Źródło danych: https://www.kaggle.com/mlg-ulb/creditcardfraud

#### Wczytanie danych

In [1]:
from pyspark.sql import SparkSession
from pyspark.ml.feature import VectorAssembler
from pyspark.ml.feature import Normalizer
from pyspark.ml.classification import RandomForestClassifier, LogisticRegression, GBTClassifier
from pyspark.ml.evaluation import MulticlassClassificationEvaluator, BinaryClassificationEvaluator
from pyspark.mllib.evaluation import MulticlassMetrics
from pyspark.sql.types import DoubleType

In [3]:
from pyspark import SparkConf

spark = SparkSession.builder.master('local').appName('MiNADZD').getOrCreate()

In [None]:
df = spark.read.csv('./dataset/finalDataset.csv', header=True, inferSchema=True)

df = df.drop('ind')
df = df.drop('_C0')
df = df.drop('id')

for feature in df.columns:
    df = df.withColumn(feature, df[feature].cast(DoubleType()))

df

Rozmiar danych po wczytaniu zbioru:

In [None]:
'Rozmiar danych: ' + str(df.count()) + ' rows x ' + str(len(df.columns)) + ' columns.'

In [None]:
df.show(5)

Przeniesienie wszystkich cech do jednej kolumny w wektorze

In [None]:
inputColumns = []
for feature in df.columns:
    if feature != 'satisfaction':
        inputColumns.append(feature)

assembler = VectorAssembler(inputCols=inputColumns, outputCol='features')
df = assembler.transform(df)

In [None]:
df = df.select('satisfaction', 'features')
df

Normalizacja

In [None]:
normalizer = Normalizer(inputCol="features", outputCol="normFeatures", p=1.0)
liNormData = normalizer.transform(df)
liNormData.select('normFeatures').show(5)
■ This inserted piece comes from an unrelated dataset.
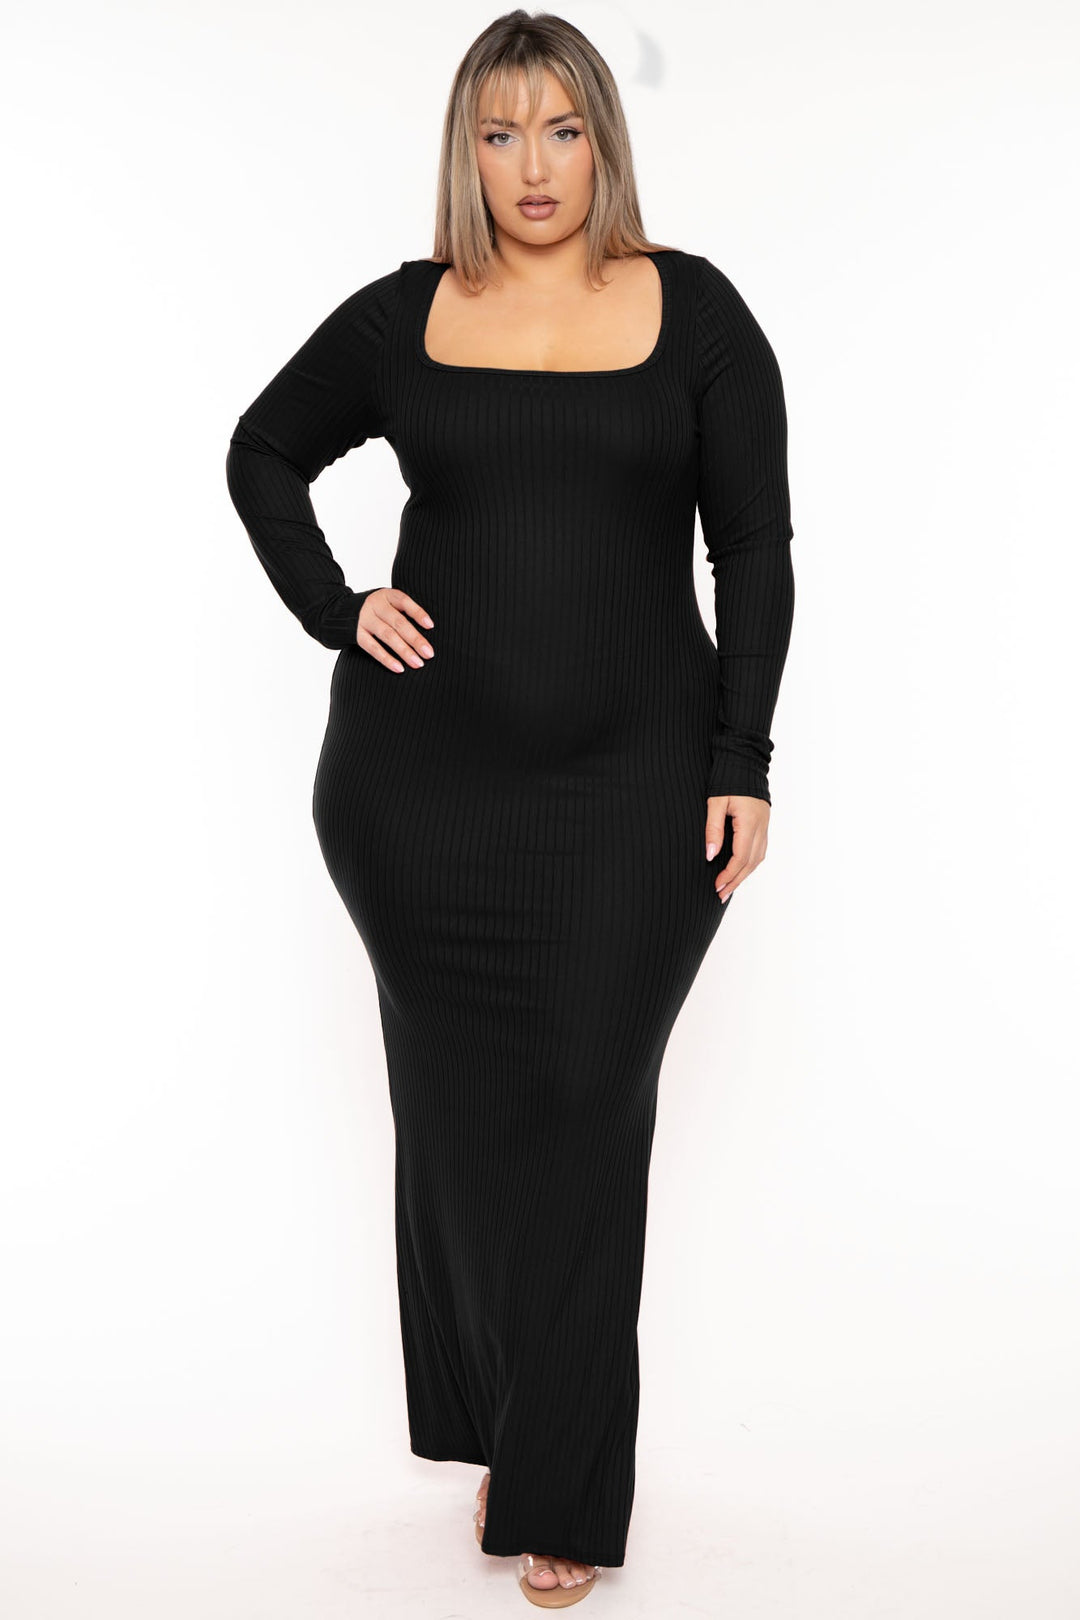 Plus Size Adalena Sequins Dress- Black

Podział na dane uczące i testowe

In [None]:
(trainingNormData, testNormData) = liNormData.randomSplit([0.8,0.2])

### RandomForestClassifier - trenowanie & testowanie 

In [None]:
algo = RandomForestClassifier(featuresCol='normFeatures', labelCol='satisfaction')
model = algo.fit(trainingNormData)

In [None]:
predictions = model.transform(testNormData)
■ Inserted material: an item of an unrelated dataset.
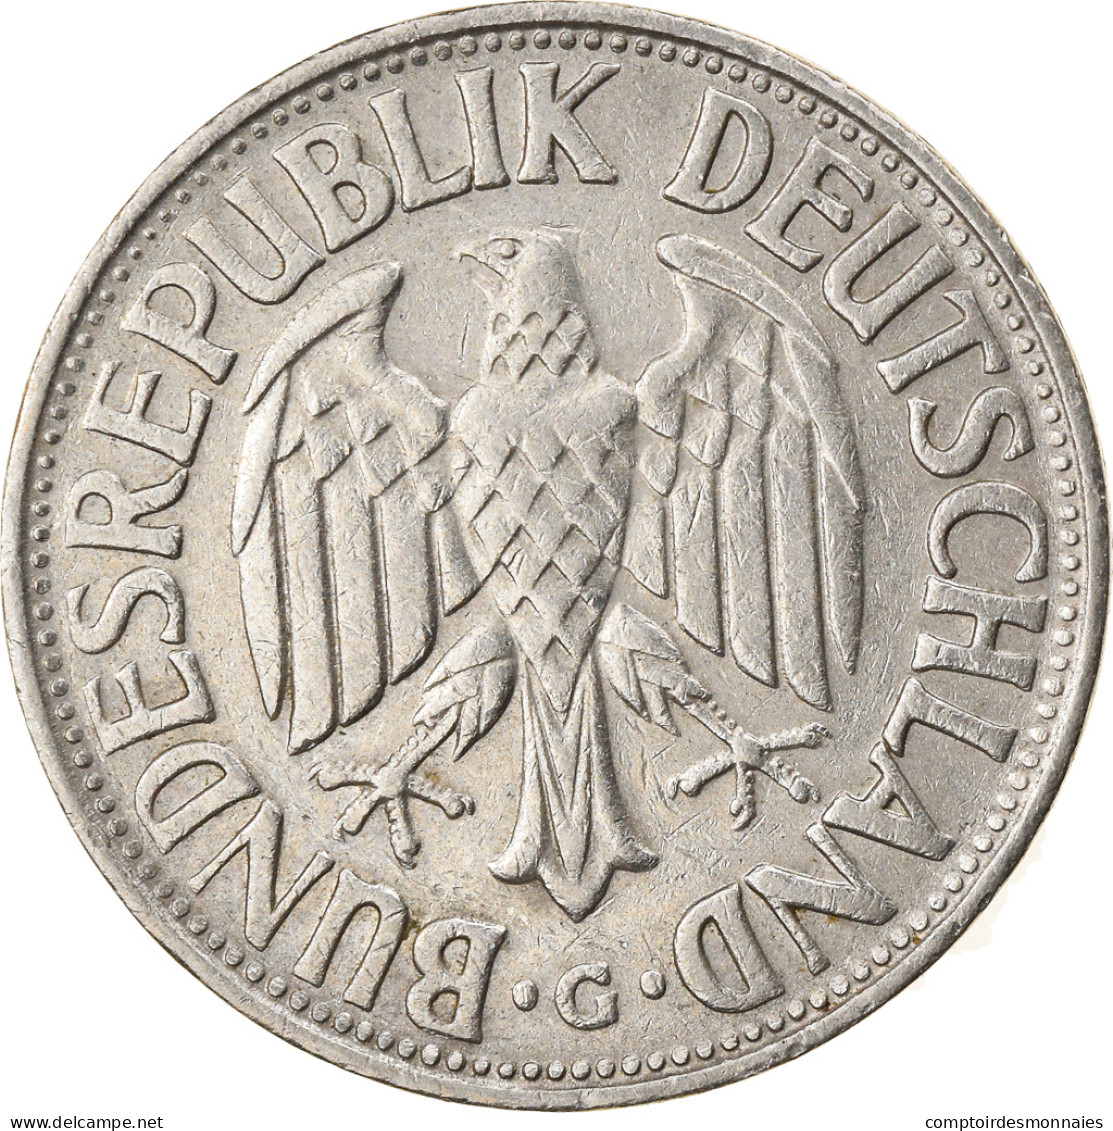 Monnaie, République Fédérale Allemande, Mark, 1957, Karlsruhe, TTB - 1 Mark

Wyświetlenie pierwszych 20 wyników klasyfikacji:

In [None]:
predictions.select(['satisfaction','prediction', 'probability']).show(5)
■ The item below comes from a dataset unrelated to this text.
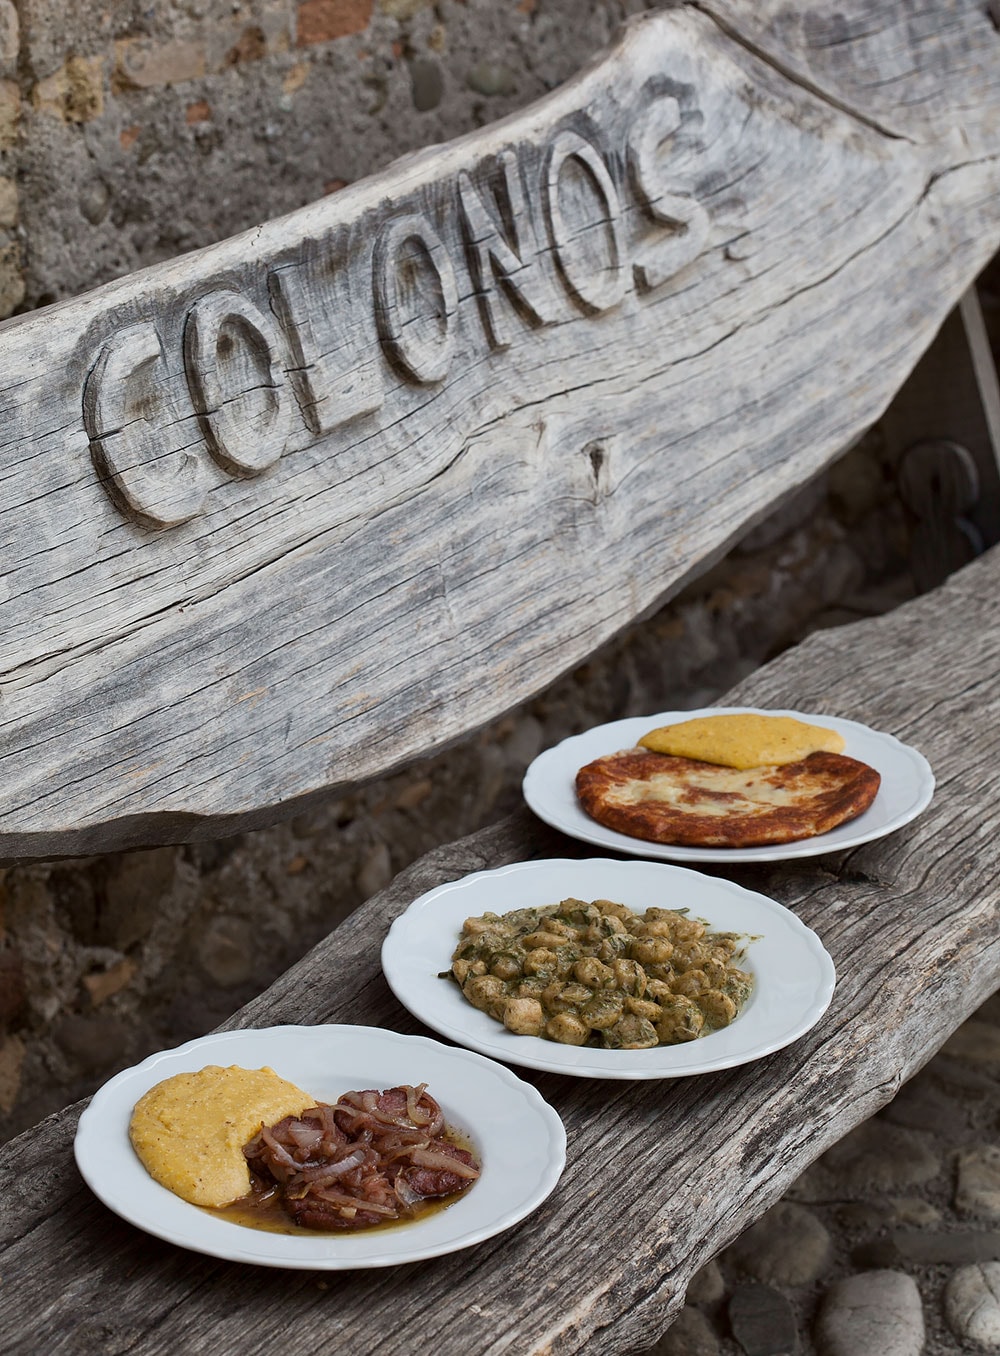 中庭のベンチで。COLONOSの店名入りなのは、アートイベントをした時にアーティストが作ってくれたから。写真手前“ヴィネガー風味のサラミ ポレンタ添え”(6.50ユーロ)は人気メニュー。

### Ocena jakości klasyfikatora

Dokładność i błąd klasyfikacji

In [None]:
evaluator = MulticlassClassificationEvaluator(labelCol='satisfaction', predictionCol="prediction", metricName='accuracy')
evaluator.evaluate(predictions)

F1-score

In [None]:
evaluator = MulticlassClassificationEvaluator(labelCol='satisfaction', predictionCol="prediction", metricName='f1')
evaluator.evaluate(predictions)

AUC

In [None]:
evaluator = BinaryClassificationEvaluator(labelCol='satisfaction', rawPredictionCol='rawPrediction')
evaluator.evaluate(predictions)

Confusion Matrix

In [None]:
rdd = predictions.select('prediction','satisfaction').rdd

In [None]:
mm = MulticlassMetrics(rdd)

In [None]:
metrics = MulticlassMetrics(predictions.select('prediction','satisfaction').rdd)
metrics.confusionMatrix()
metrics

### LogisticRegression - trenowanie & testowanie 

In [None]:
algo = LogisticRegression(featuresCol='normFeatures', labelCol='satisfaction')
model = algo.fit(trainingNormData)

In [None]:
predictions = model.transform(testNormData)

Wyświetlenie pierwszych 20 wyników klasyfikacji:

In [None]:
predictions.select(['satisfaction','prediction']).show(5)

### Ocena jakości klasyfikatora

Dokładność i błąd klasyfikacji

In [None]:
evaluator = MulticlassClassificationEvaluator(labelCol='satisfaction', predictionCol="prediction", metricName='accuracy')
evaluator.evaluate(predictions)

F1-score

In [None]:
evaluator = MulticlassClassificationEvaluator(labelCol='satisfaction', predictionCol="prediction", metricName='f1')
evaluator.evaluate(predictions)

AUC

In [None]:
evaluator = BinaryClassificationEvaluator(labelCol='satisfaction', rawPredictionCol='rawPrediction')
evaluator.evaluate(predictions)

Confusion Matrix

In [None]:
metrics = MulticlassMetrics(predictions.select('prediction','satisfaction').rdd)
metrics.confusionMatrix()

### Gradient-Boosted Tree Classfier - trenowanie & testowanie 

In [None]:
algo = GBTClassifier(featuresCol='normFeatures', labelCol='satisfaction')
model = algo.fit(trainingNormData)

In [None]:
predictions = model.transform(testNormData)

Wyświetlenie pierwszych 20 wyników klasyfikacji:

In [None]:
predictions.select(['satisfaction','prediction']).show()

### Ocena jakości klasyfikatora

Dokładność i błąd klasyfikacji

In [None]:
evaluator = MulticlassClassificationEvaluator(labelCol='satisfaction', predictionCol="prediction", metricName='accuracy')
evaluator.evaluate(predictions)

F1-score

In [None]:
evaluator = MulticlassClassificationEvaluator(labelCol='satisfaction', predictionCol="prediction", metricName='f1')
evaluator.evaluate(predictions)

AUC

In [None]:
evaluator = BinaryClassificationEvaluator(labelCol='satisfaction', rawPredictionCol='rawPrediction')
evaluator.evaluate(predictions)

Confusion Matrix

In [None]:
metrics = MulticlassMetrics(predictions.select('prediction','satisfaction').rdd)
metrics.confusionMatrix()